(PROBLEM STATEMENT): Repeat the records exactly as given. Do not include the pictures.

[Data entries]
◇ ◇ ◇
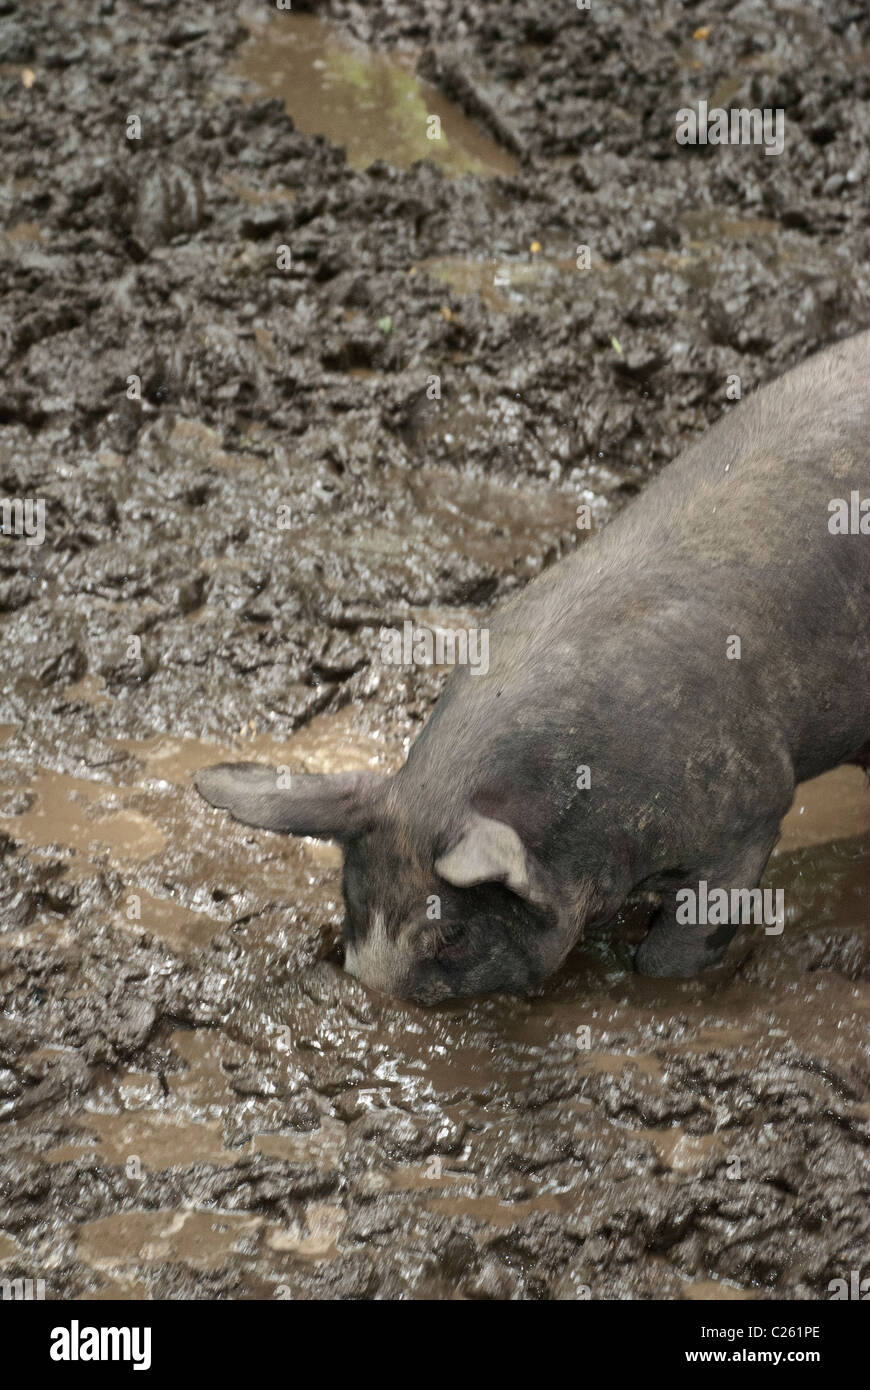 Berkshire Pig rooting in a mud wallow, Stone Barns Center for Food and Agriculture, Pocantico Hills, New York, USA Stock Photo
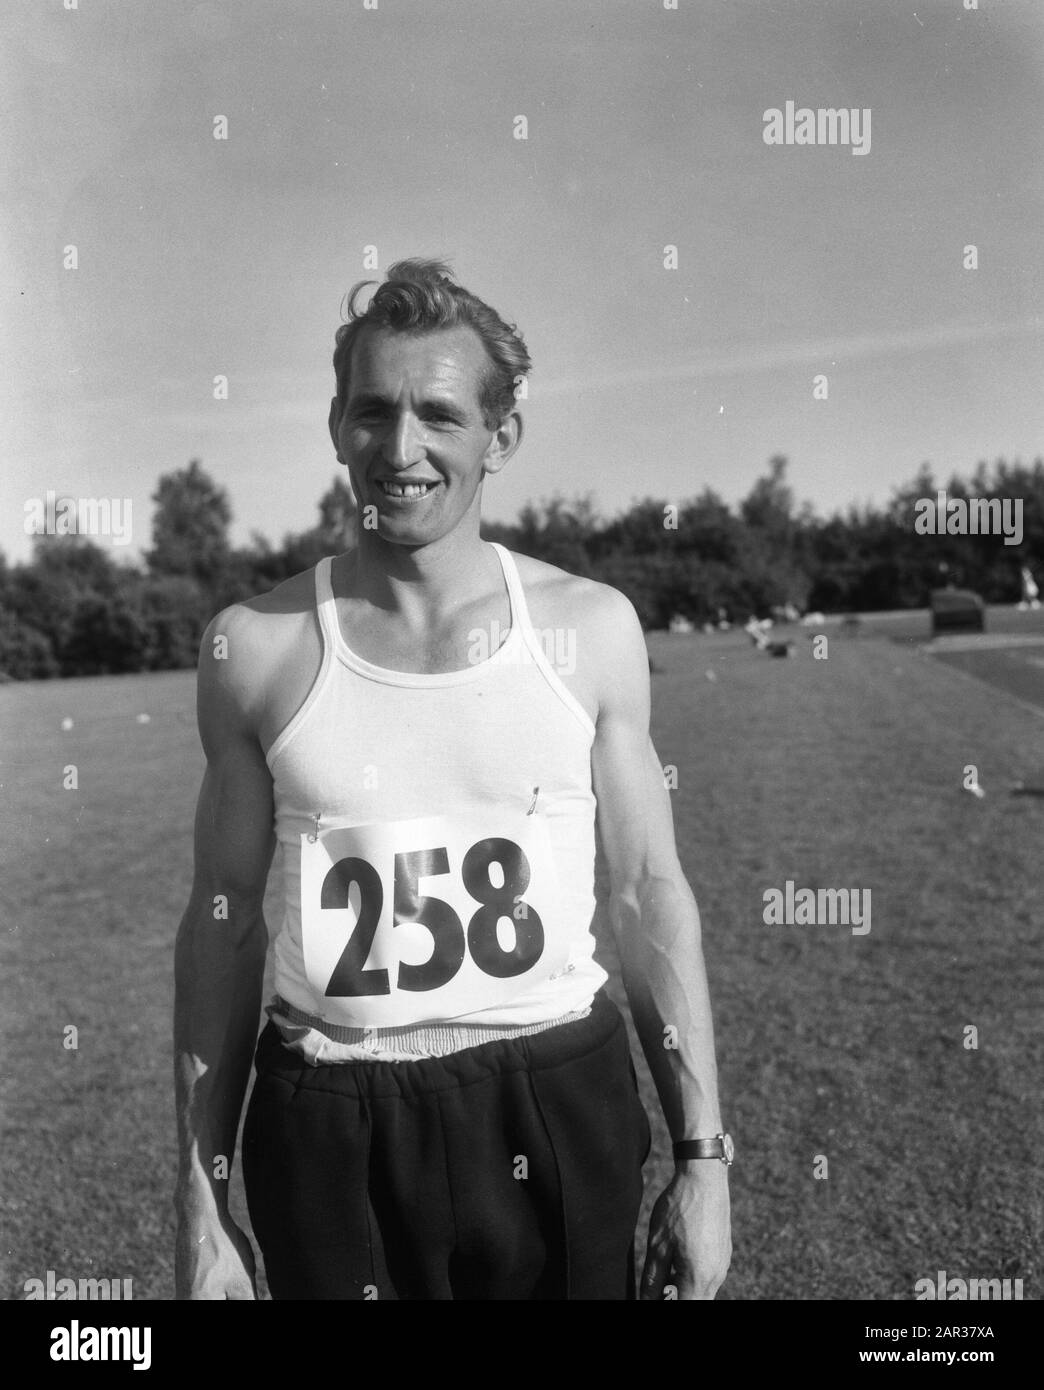 Dutch athletics championships in Groningen, A. Adams champion jumping Date: August 14, 1965 Location: Groningen Keywords: athletics, champion, championships Personal name : A. Adams Stock Photo
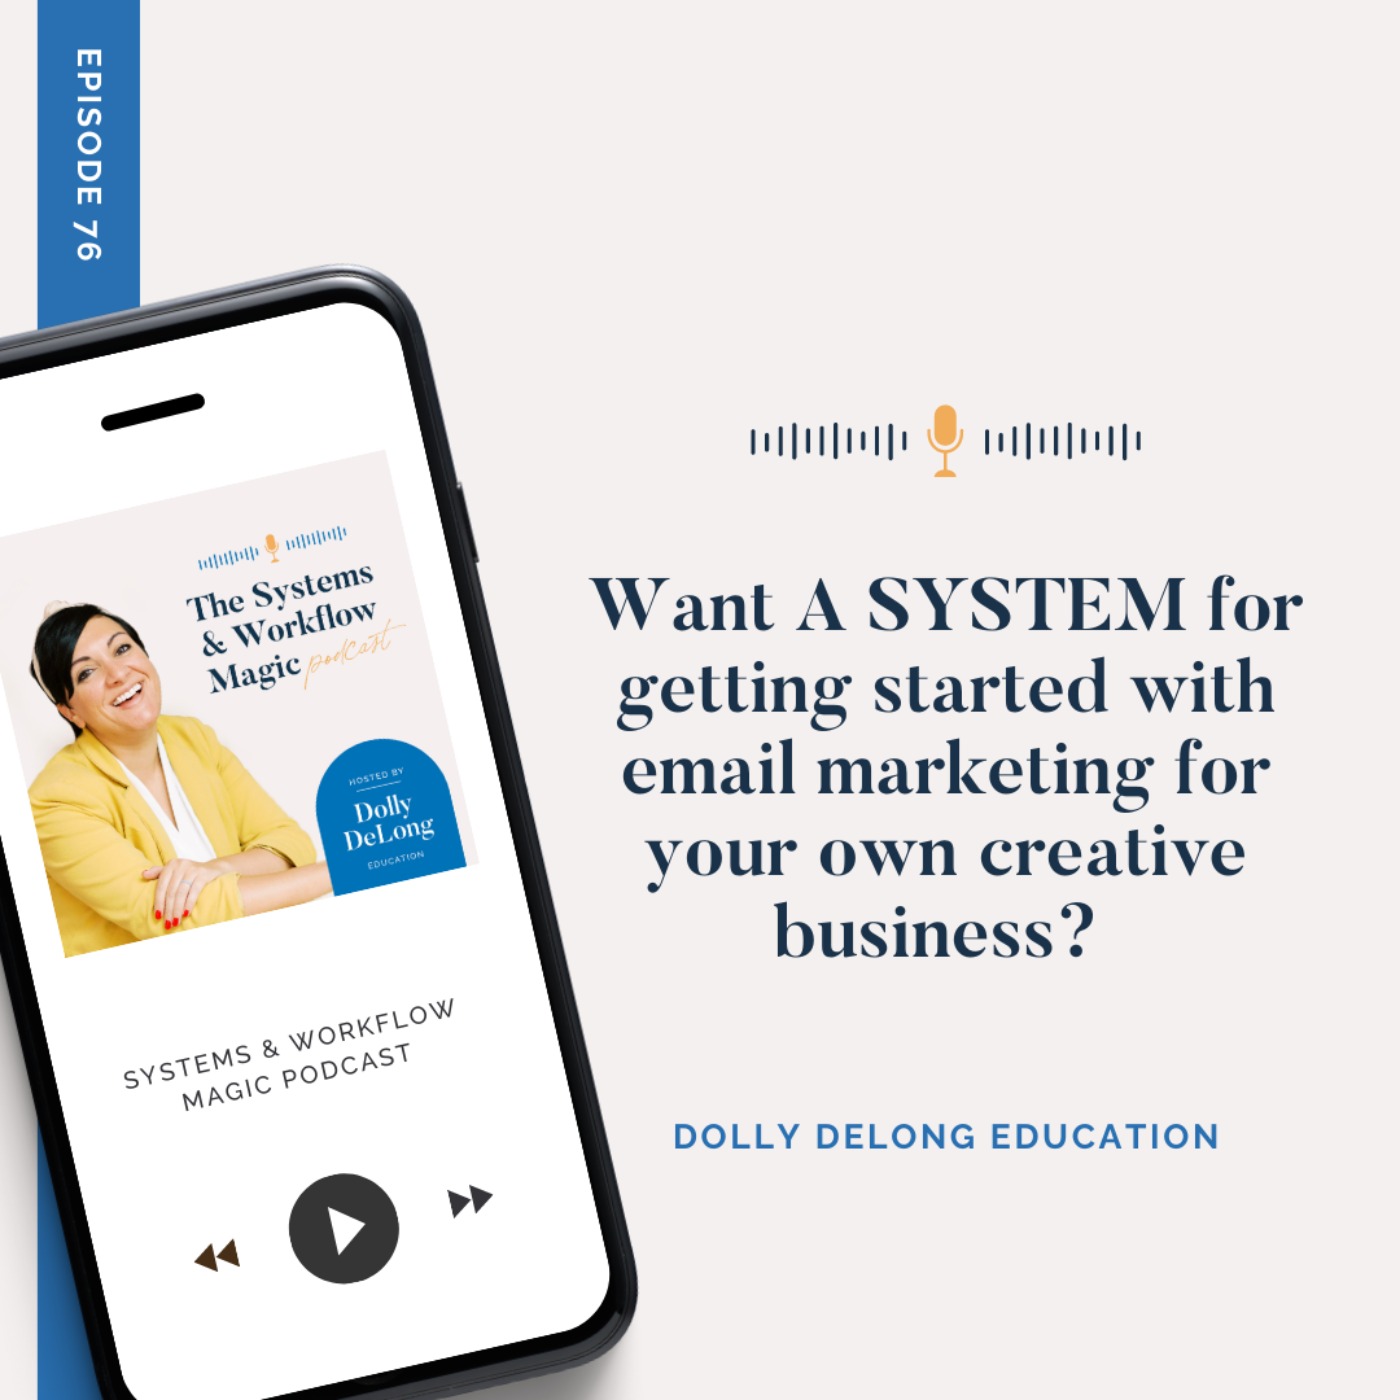 76: Want a SYSTEM for getting started with email marketing for your own creative business?
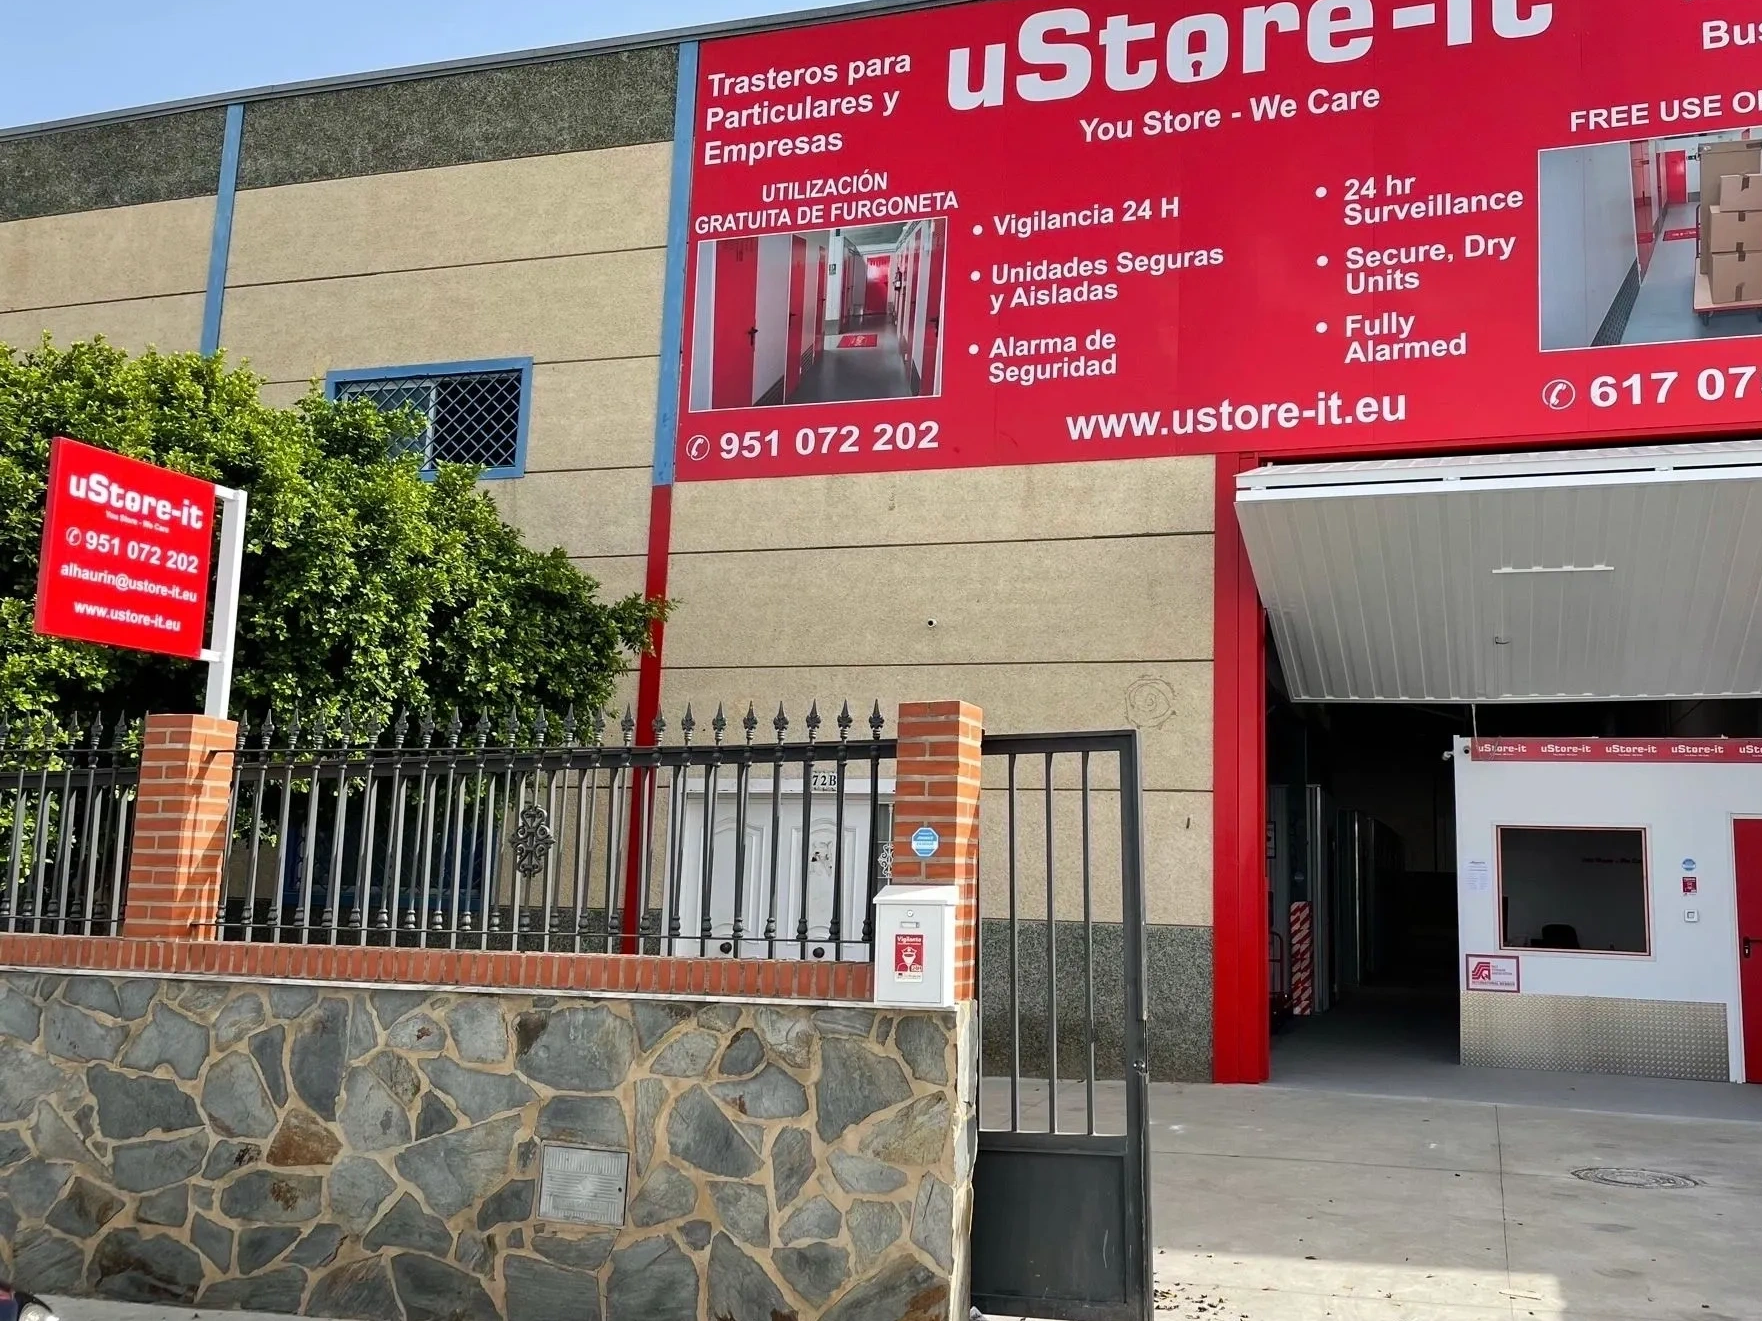 uStore-it self storage franchise business in Spain
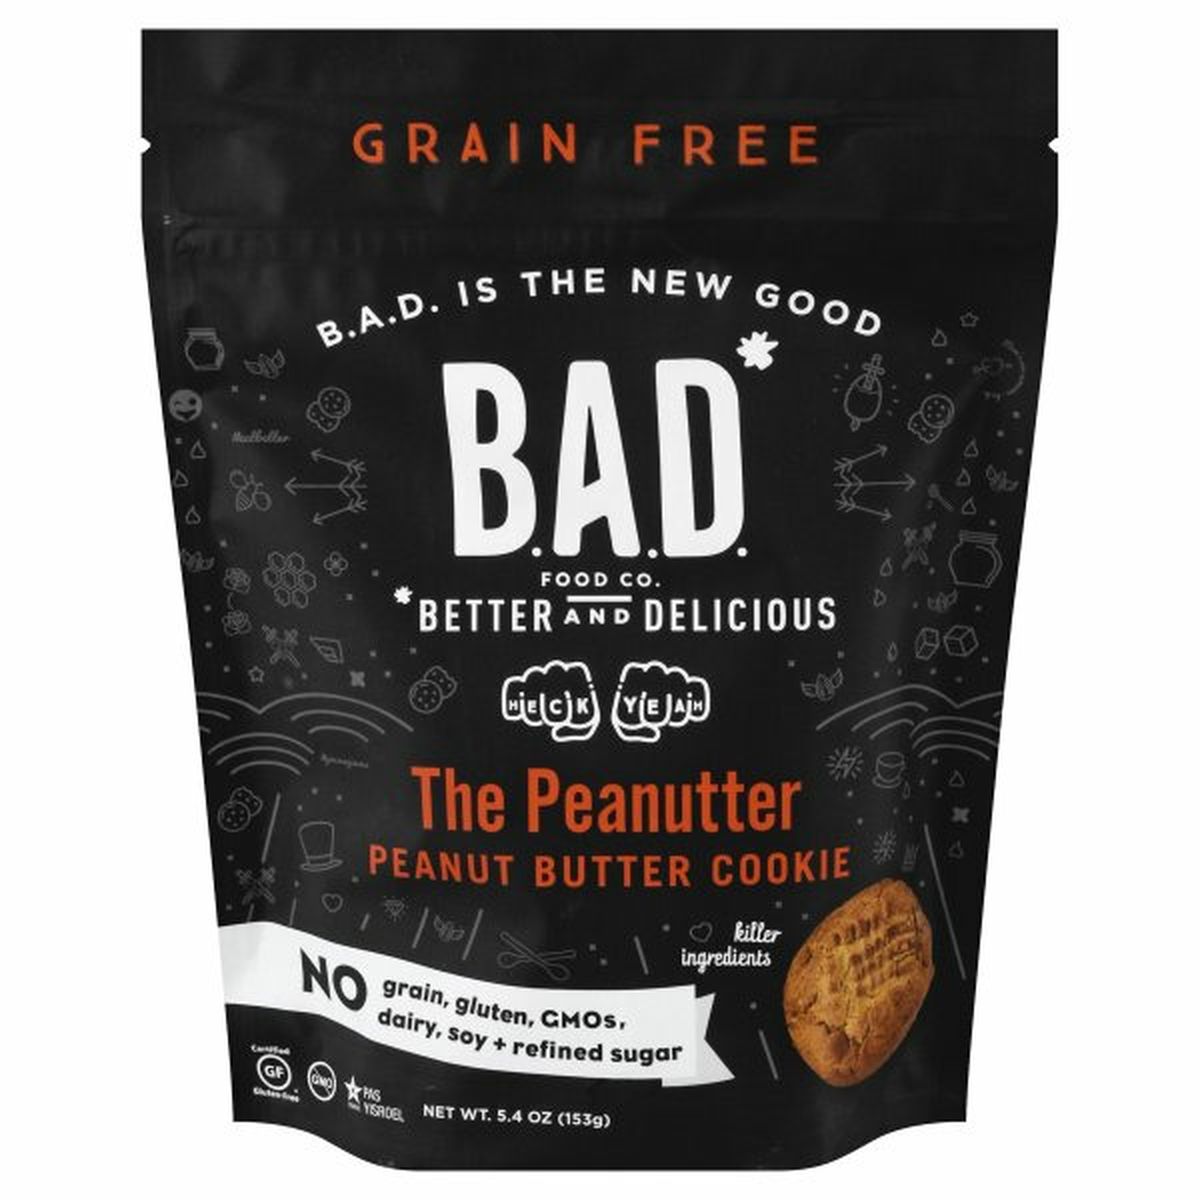 Calories in B.A.D. Food Co. Cookie, Grain Free, The Peanutter
◇ ◇ ◇
(ANSWER FOR THE TASK):
 Berkshire Pig rooting in a mud wallow, Stone Barns Center for Food and Agriculture, Pocantico Hills, New York, USA Stock Photo
 Dutch athletics championships in Groningen, A. Adams champion jumping Date: August 14, 1965 Location: Groningen Keywords: athletics, champion, championships Personal name : A. Adams Stock Photo
 76: Want a SYSTEM for getting started with email marketing for your own creative business?
 uStore-it self storage franchise business in Spain
 Calories in B.A.D. Food Co. Cookie, Grain Free, The Peanutter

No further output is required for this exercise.